Upfront RT with a reduced dose of 23.4 Gy, showed favorable outcomes in patients with stable disease or progressive disease after initial HD-MTX. In addition, upfront RT appears to be an effective treatment for PCNSL when rituximab or stem cell transplantation is not feasible.



中文翻译:

大剂量甲氨蝶呤治疗原发性中枢神经系统淋巴瘤后 23.4 Gy 前期全脑放疗的作用:全脑放疗与不放疗的比较分析

介绍

我们的目的是研究在原发性中枢神经系统淋巴瘤 (PCNSL) 患者中使用大剂量甲氨蝶呤 (HD-MTX) 后减少剂量 23.4 Gy 的前期全脑放射治疗 (RT) 的作用。

方法

我们回顾性分析了 2013 年 1 月至 2020 年 1 月期间接受 HD-MTX 治疗的 185 例 PCNSL 患者;145 名患者未接受放疗,40 名患者接受了前期放疗。
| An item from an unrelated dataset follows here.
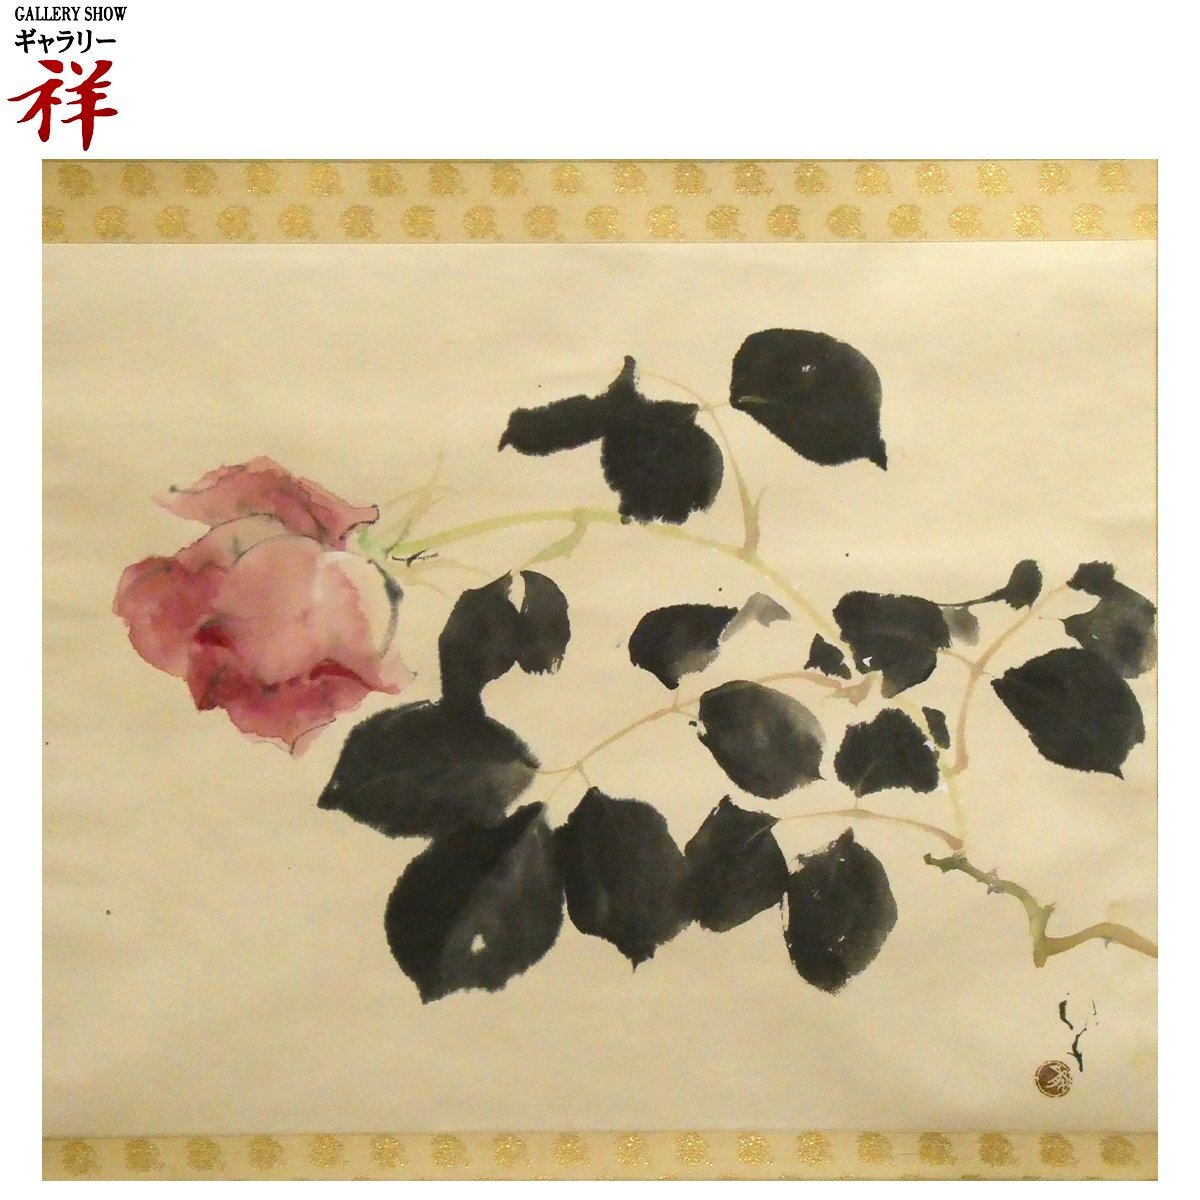 थानेदार [प्रामाणिक कार्य] रयुको कावाबाता लाल गुलाब जापानी पेंटिंग, 39 x 48.7 सेमी, वही बक्सा, वाकायामा में जन्मे, संस्कृति का क्रम, हस्तलिखित, अपनी तरह का अनोखा [गैलरी थानेदार], चित्रकारी, जापानी पेंटिंग, फूल और पक्षी, पक्षी और जानवर

使用倾向评分匹配 (PSM) 调整临床因素,从每个治疗组中选择 40 名患者。比较治疗组之间的无事件生存期(EFS)和总生存期(OS)。

结果

在基线时,前期放疗组的患者比非放疗组的患者更年轻,LDH 水平更高,接受利妥昔单抗和干细胞移植的频率更低。前期放疗组的患者在初始 HD-MTX 后的反应率也低于非放疗组(73% 对 88%,p = 0.038)。中位随访时间为 25.1(四分位距 13.7-43.0)个月。在前期放疗组和非放疗组之间观察到可比较的 2 年 EFS 和 OS 率(分别为 56.6% 对 53.8%,p = 0.170;和 81.7% 对 75.3%,p = 0.097)。前期放疗与 HD-MTX 后疾病稳定或疾病进展患者的 EFS 和 OS 改善有关,但与 HD-MTX 后完全或部分缓解的患者无关。前期 RT 也是 PSM 队列中 EFS 和 OS 的独立预测因子。

结论

减少 23.4 Gy 剂量的前期放疗在初始 HD-MTX 后疾病稳定或疾病进展的患者中显示出良好的结果。此外,当利妥昔单抗或干细胞移植不可行时,前期 RT 似乎是 PCNSL 的有效治疗方法。